- Recorded information
*** Begin section ***
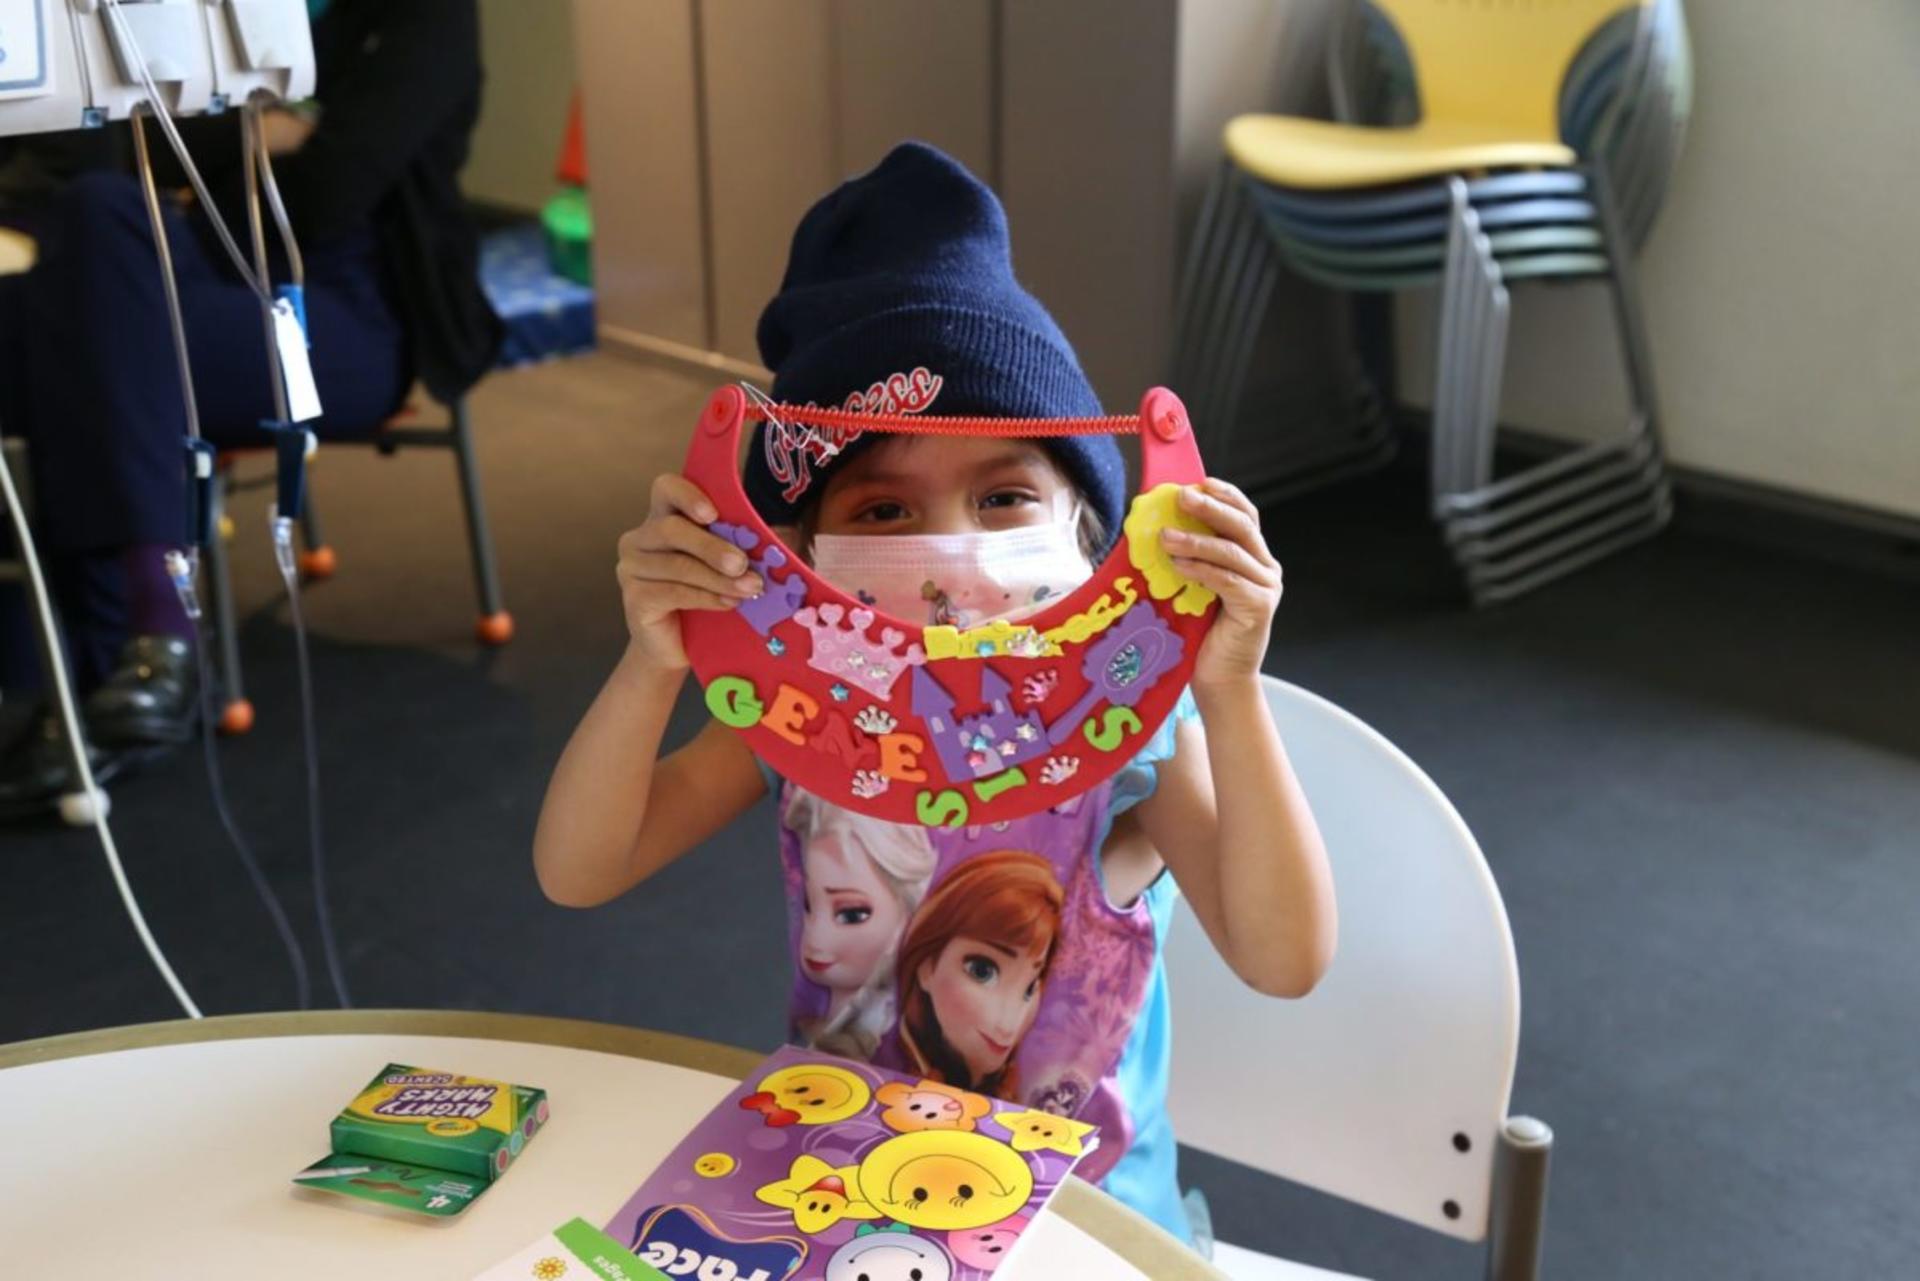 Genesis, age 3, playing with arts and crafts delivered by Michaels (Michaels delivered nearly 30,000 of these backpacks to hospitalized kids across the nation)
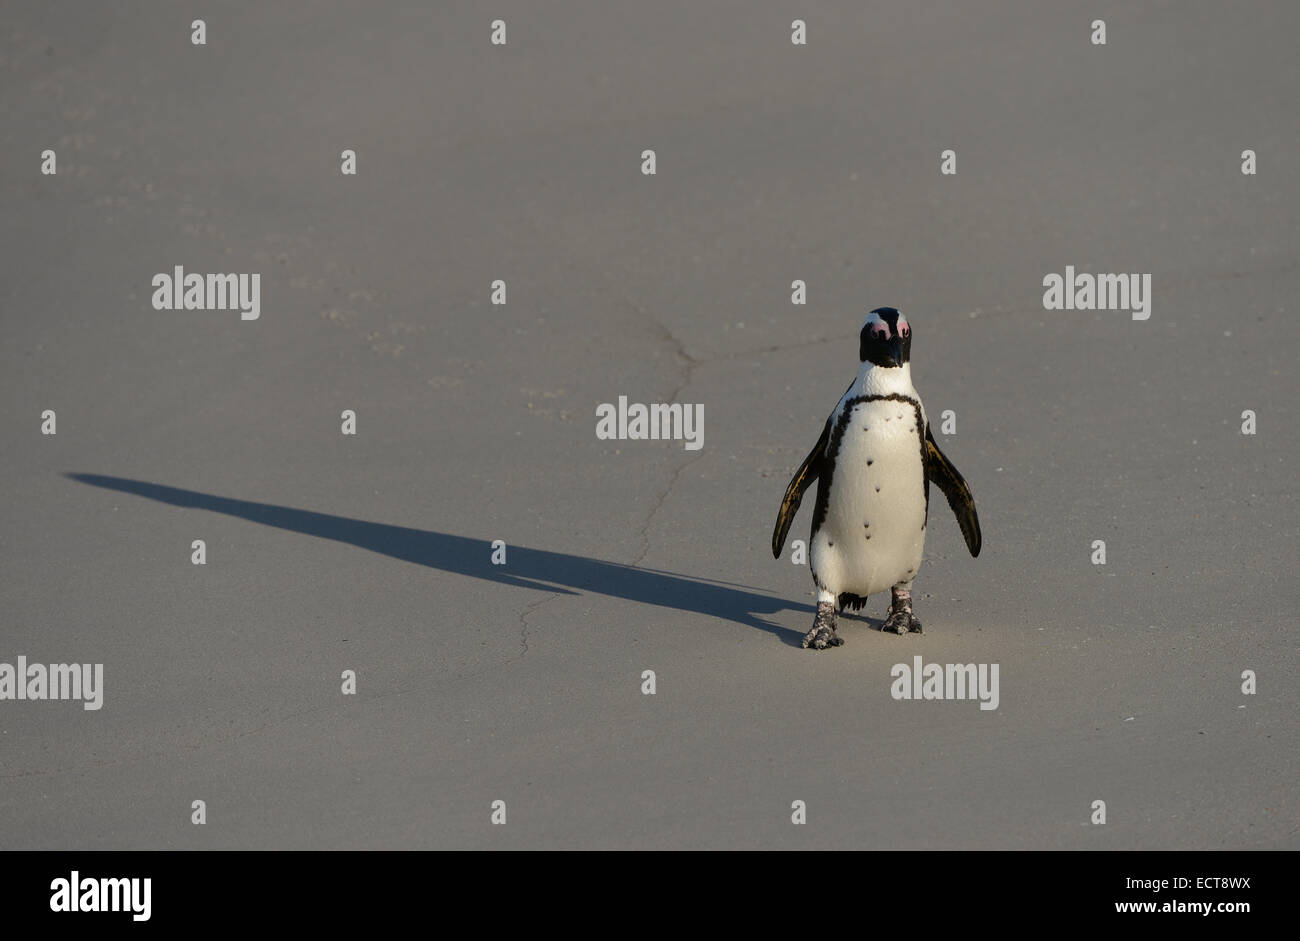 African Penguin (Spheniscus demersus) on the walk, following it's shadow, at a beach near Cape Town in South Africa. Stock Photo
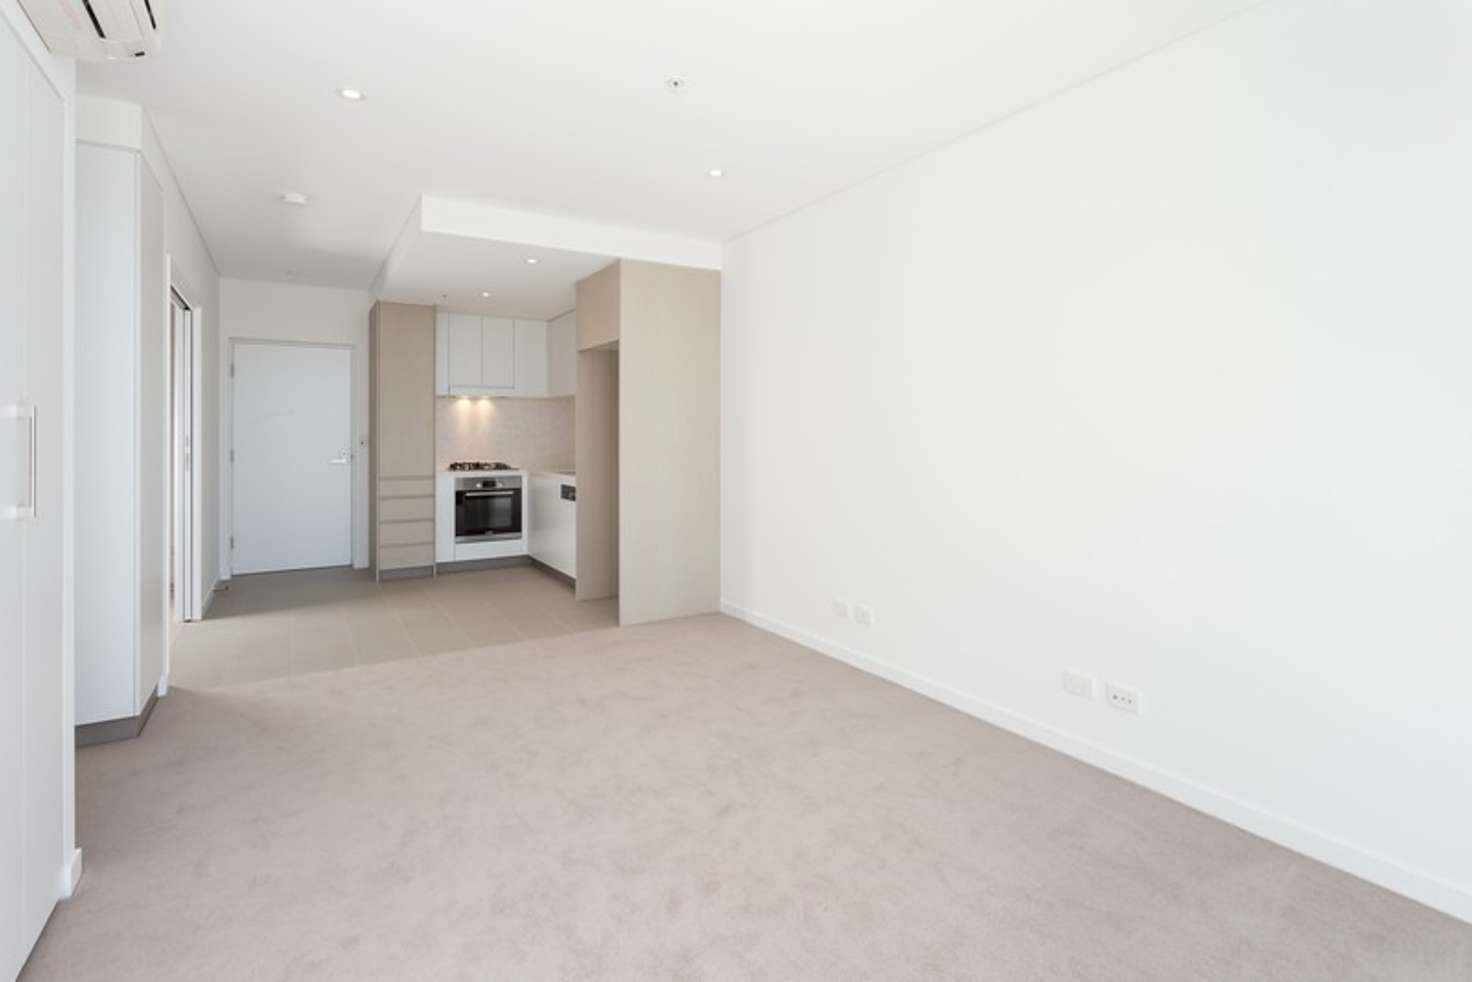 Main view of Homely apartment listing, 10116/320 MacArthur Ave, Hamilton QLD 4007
*** End section ***
- What to do
Print the material above word for word, first line through the line with "African Penguin (Spheniscus", and leave every picture out.

- Output for this exercise
 Genesis, age 3, playing with arts and crafts delivered by Michaels (Michaels delivered nearly 30,000 of these backpacks to hospitalized kids across the nation)
 African Penguin (Spheniscus demersus) on the walk, following it's shadow, at a beach near Cape Town in South Africa. Stock Photo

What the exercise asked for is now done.